From Cloud Assistants to Self-Hosted LLMs
Developers are moving away from cloud-only coding assistants toward open source coding models and local AI development tools that run on infrastructure they control, reducing dependency on proprietary APIs, strengthening privacy, and giving teams more predictable costs and technical autonomy as AI becomes central to software engineering workflows. This shift is fueled by frustration with vendor lock-in, rate limits, and opaque pricing from frontier AI providers. Teams building continuous agentic systems and high-volume coding assistants need reliable performance and tighter integration with internal tooling than generic cloud models often provide. Self-hosted LLM options now span lean, specialized models for coding tasks and larger, general-purpose systems delivered through flexible platforms. Together, these options mark a transition from AI as a managed service to AI as a core part of the development stack, owned and operated alongside source control, CI pipelines, and observability tools.
Mellum2: JetBrains Bets on Open, Infrastructure-Level Coding AI
JetBrains’ Mellum2 embodies this shift by offering an open-source, 12B-parameter coding model designed to run entirely on infrastructure that engineering teams own. Released with open weights under Apache 2.0, Mellum2 is tuned for routing, retrieval pipelines, and sub-agent tasks rather than competing with frontier chat models. JetBrains describes it as a “focal model” aimed at high-frequency software engineering workloads, with base, instruct, and “thinking” variants tailored to different levels of reasoning. Its Mixture-of-Experts design keeps only 2.5B parameters active per token, so it behaves more like a smaller dense model in cost and latency while still scoring 78.4% on the EvalPlus function-level code benchmark in its thinking variant. By running fully on-premises, Mellum2 goes where tools like Claude Code or cloud-tied IDE copilots cannot, giving enterprises a self-hosted LLM option that aligns with strict data sovereignty and audit requirements.
MAI-Thinking-1: Microsoft Adds Another Major Player to the Stack
Microsoft’s MAI-Thinking-1 takes a different route to the same destination: more control over the AI coding stack, but at hyperscaler scale. Introduced at Microsoft Build, MAI-Thinking-1 is the company’s first large language model that it says matches the performance of Anthropic’s Claude Opus 4.6 and underpins a strategy to build frontier AI that is not dependent on OpenAI. It arrives alongside MAI-Image-2.5, MAI-Voice-2, MAI-Transcribe-1.5, and MAI-Code-1-Flash for “vibe coding,” all exposed to developers through Foundry and already powering Copilot, Bing, PowerPoint, and Azure Speech. According to Microsoft AI CEO Mustafa Suleyman, the new models “feel like this is a new era of AI that you control on your terms.” For developers, this adds another strong vendor option and signals a broader move toward multi-model flexibility across applications.

Control, Cost Predictability, and Data Sovereignty Take Center Stage
Both Mellum2 and MAI-Thinking-1 highlight a market where developers want more than convenience from managed AI services.
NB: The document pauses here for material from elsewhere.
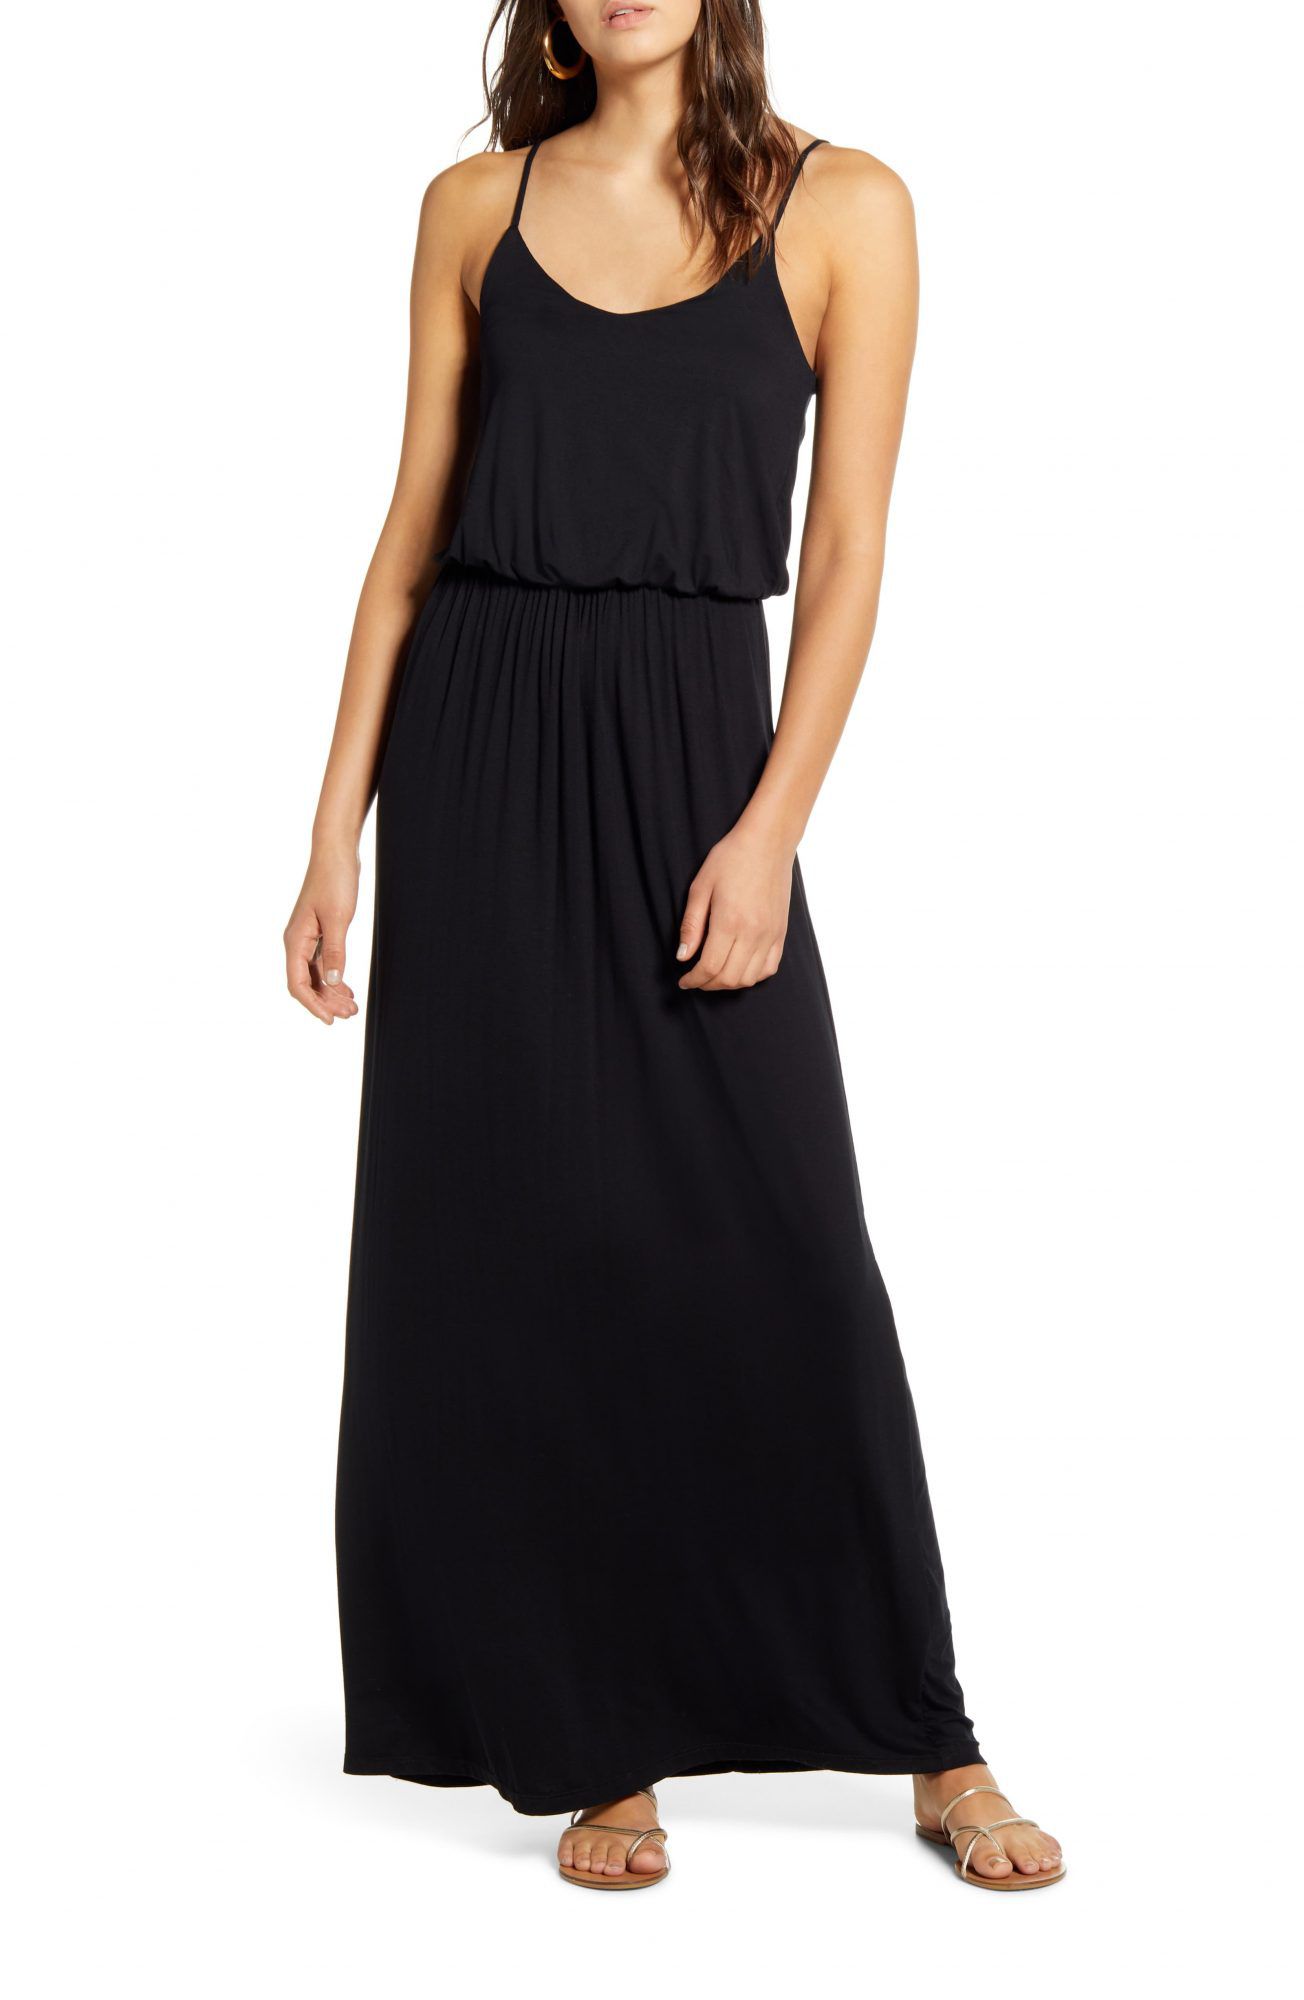 Nordstrom’s Popular All in Favor Maxi Dress Is On Sale | PEOPLE.com

Open source coding models and local AI development tools reduce exposure to sudden API changes, outages, and policy shifts from a single provider. They also help address latency concerns by running closer to where code is written and executed, and they give legal and security teams clearer answers about where data lives and how it is processed. Enterprises can choose Mellum2’s self-hosted LLM path for maximum control, or tap Microsoft’s growing in-house model portfolio to diversify beyond a single frontier partner while staying inside a managed cloud. Microsoft’s leadership frames this as moving from “consuming a frontier model to fully participating at the frontier,” and end users are likely to favor ecosystems that keep model choice open rather than narrowing it.
What Mellum2 vs Claude and MAI-Thinking-1 Mean for Developers
The Mellum2 vs Claude comparison is less about raw benchmarks and more about deployment philosophy: Mellum2 is built to be self-hosted, specialized, and owned, while Claude Code remains tied to Anthropic’s cloud. MAI-Thinking-1 adds yet another option, showing that even major platform providers want independence from external frontier models. For engineering leaders, this expanding menu changes procurement conversations from “which API” to “which stack do we want to control.” Teams can blend local AI development tools for latency-sensitive, confidential workloads with larger managed models for broad reasoning. Over time, frameworks that make it easy to route tasks among Mellum2, MAI-Thinking-1, and other self-hosted LLMs will likely become standard. The winners will be tools that respect developers’ need for control, cost clarity, and data sovereignty without sacrificing the speed and quality gains that made cloud coding assistants popular in the first place.